Another problem was the gas pressure relief valve. The springs used in the relief valve failed during the cyclic rate testing, so a redesigned spring made from Inconel was submitted in an attempt to rectify this problem. Even resorting to using a high-temperature resistant alloy like Inconel proved unsuccessful, so SIONICS developed its third and final design: a passive gas pressure relief valve with no moving parts. Significantly, the MPT found that the pressure relief valve had no effect on the operation of the test items, and concluded that it was an unnecessary part of the suppressor. It is also interesting to note that use of a gas pressure relief valve with center-fire rifle suppressors has not been seen since its use in the SIONICS suppressors, with one exception. Recently deployed Israeli-made centerfire rifle suppressors for the M16A1 and M14 rifles have featured the use of gas pressure relief valves, despite the fact that advances in internal design have clearly eliminated any need for pressure relief valves.

Two of the SIONICS suppressors used titanium spiral suppressor rings, while the third used aluminum spiral suppressor rings. Following further destruct tests at Ft. Benning, SIONICS made significant changes to the construction and materials used in the 5.56mm suppressors. No internal parts were subsequently made from aluminum, and stainless steel became the material of choice. While the use of titanium has become more widespread in recent years, it is a little-known fact that SIONICS pioneered the usage of titanium in firearms sound suppressors, though undoubtedly the cost factor prevented its widespread use during the Vietnam years.
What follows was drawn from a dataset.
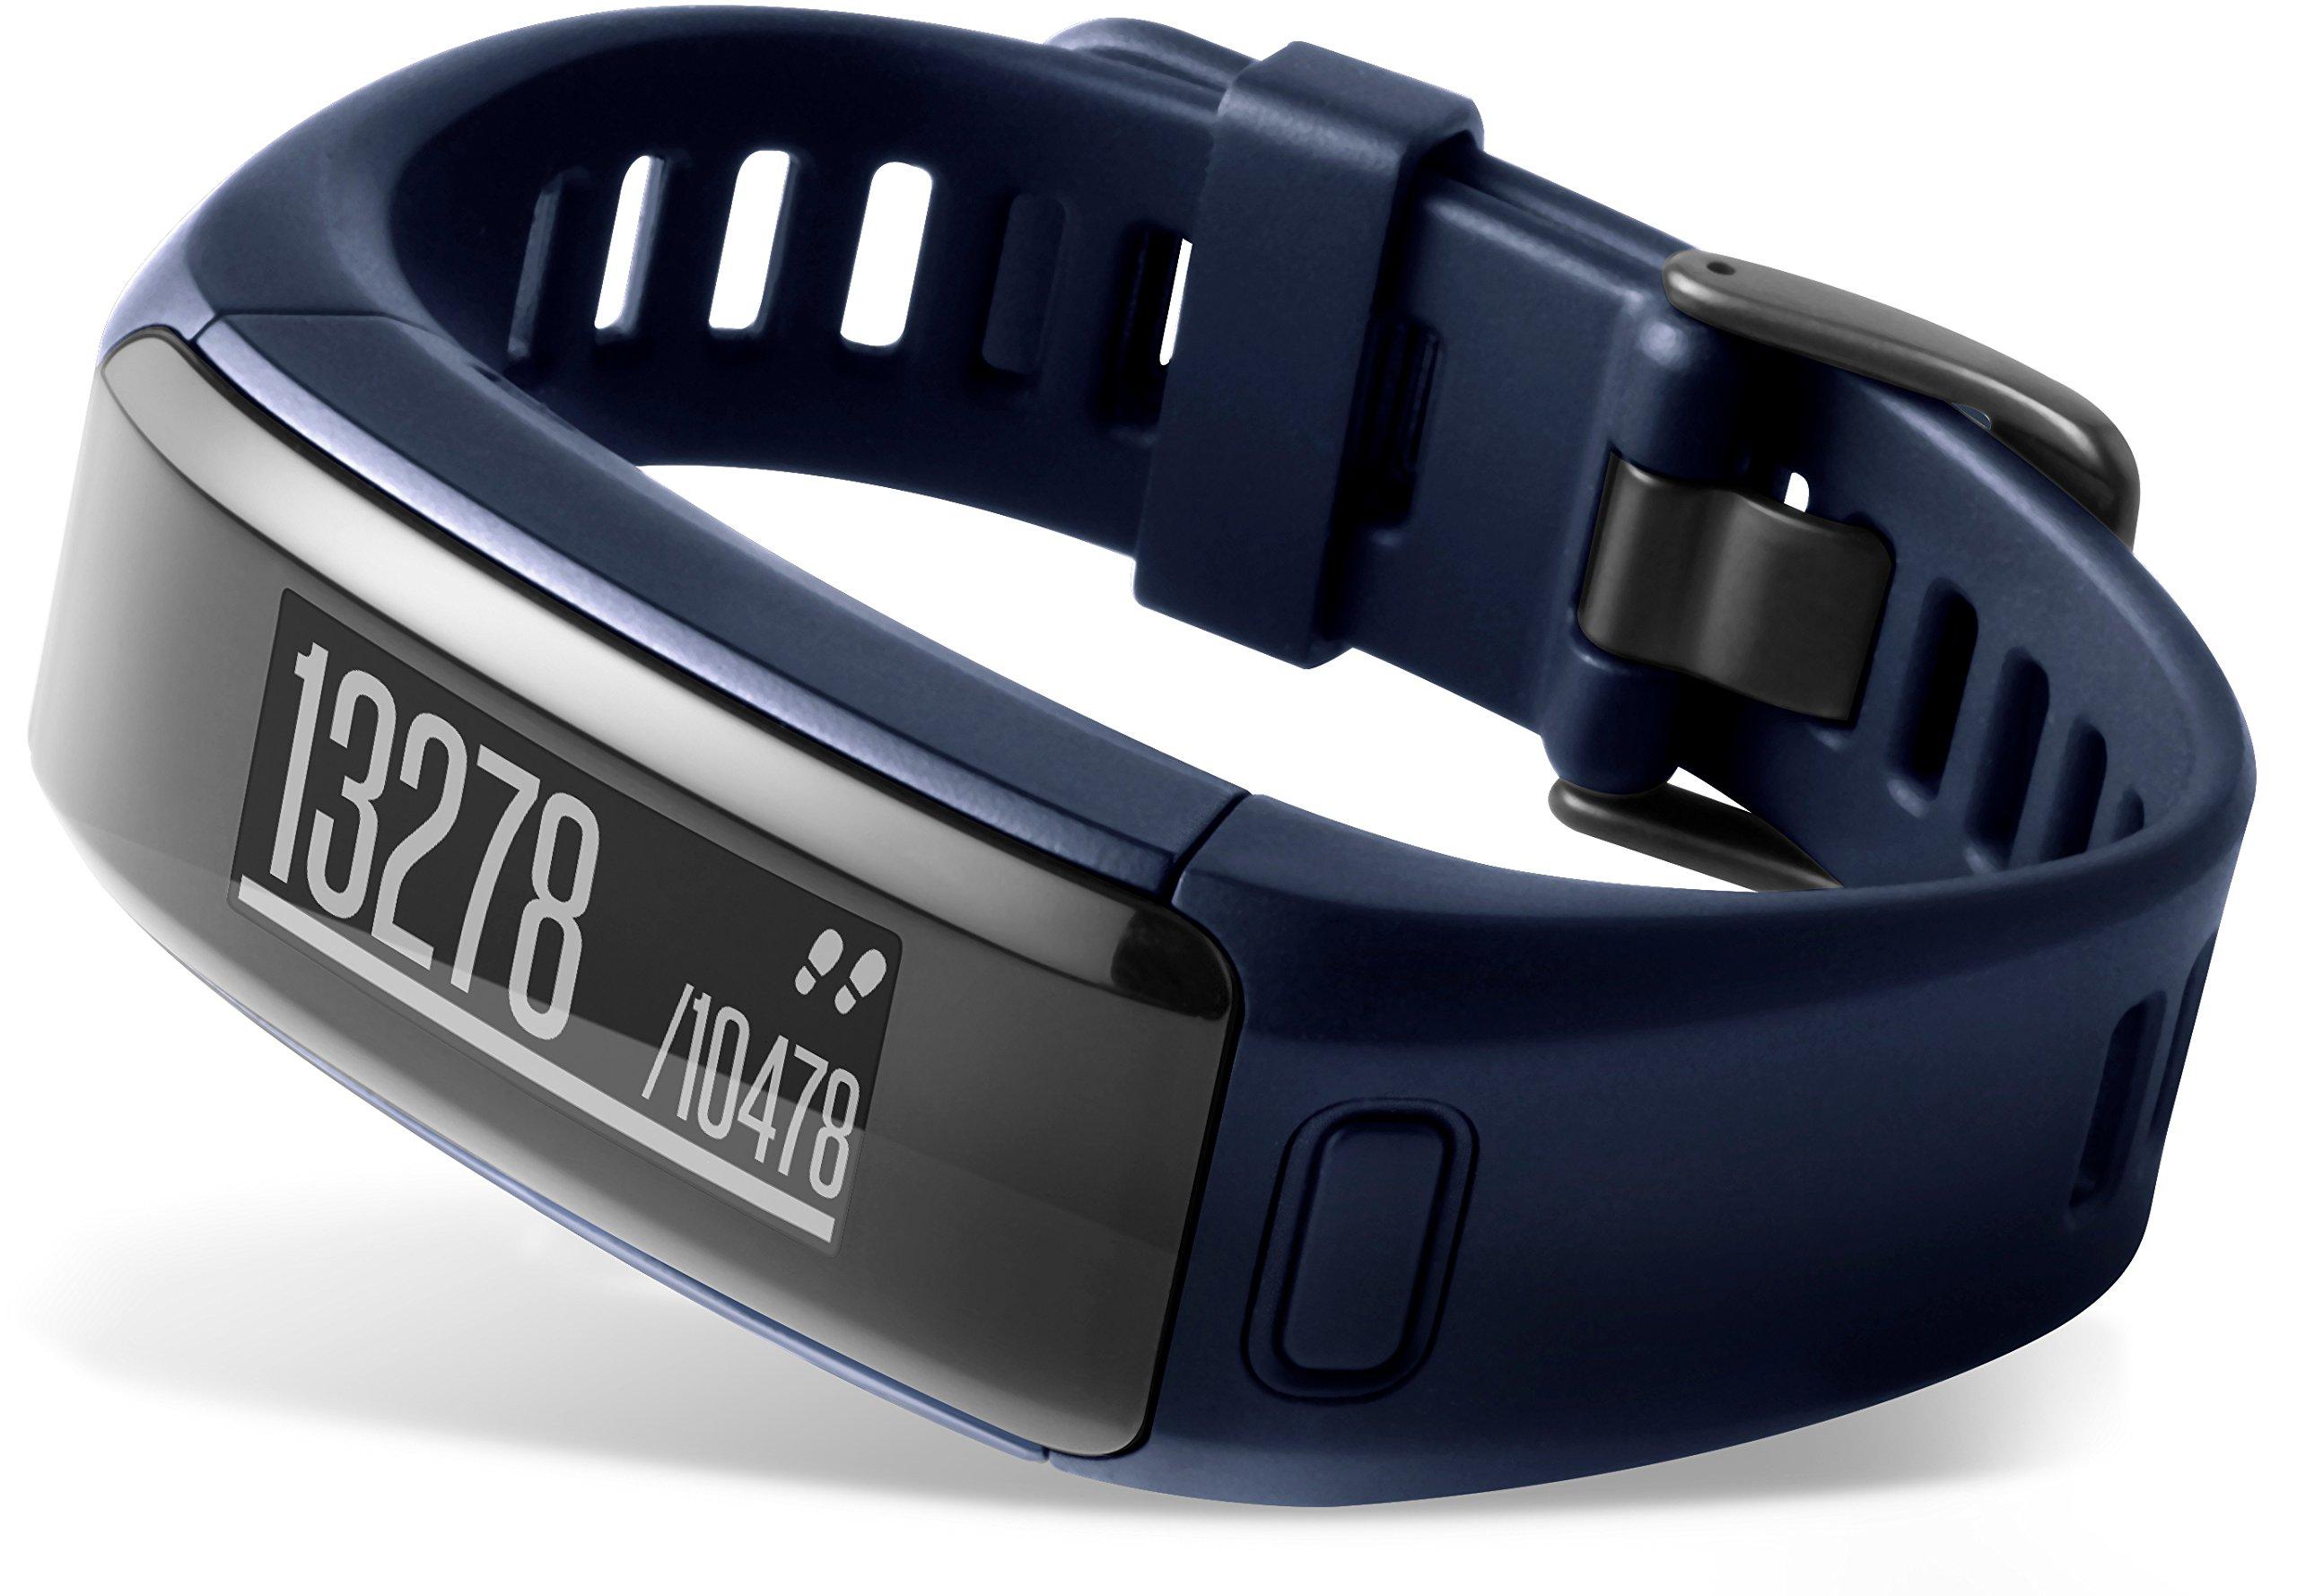 Garmin vívosmart HR Activity Tracker Regular Fit - Midnight Blue (Deep Blue) by Garmin (Image #11)

Despite the advances in material use, the SIONICS/MilitaryArmament Corporation’s suppressors were not as widely used as the HEL E4A in Vietnam.

After the MPT report was published in September 1968, final production of the outstanding 960 HEL E4A suppressors was completed, and these were shipped to Vietnam in late 1968 and early 1969 at a cost of $42,000. That works out to less than $46 per unit. According to several sources, the HEL E4A suppressor was used in greater numbers during the Vietnam War than SIONICS/Military Armament Corporation’s suppressors designed for the M16A1 and CAR-15. Rangers, SEALs and Army Special Forces began using HEL M4 silencers in the summer of 1968 and then upgraded to the HEL E4A suppressors, which were employed throughout the remainder of the Vietnam War. The SEALs, however, eventually used a U.S. Navy-developed 5.56mm suppressor rather than the E4A suppressor.

Surprisingly, both the HEL M4 and E4A suppressors were considered to be expendable items. If they were damaged, they were to be destroyed by the company armorer rather than repaired. This may explain why the HEL M4 and E4A suppressors are rarely seen today in collectors’ hands. It is known that during the early 1980s, at least one mail-order company was selling parts kits for the M4, although this practice ceased when ATF changed the definition of a silencer to include silencer parts. If you ever find a transferable M4 silencer, it’s a rare and important historical artifact from the Vietnam War.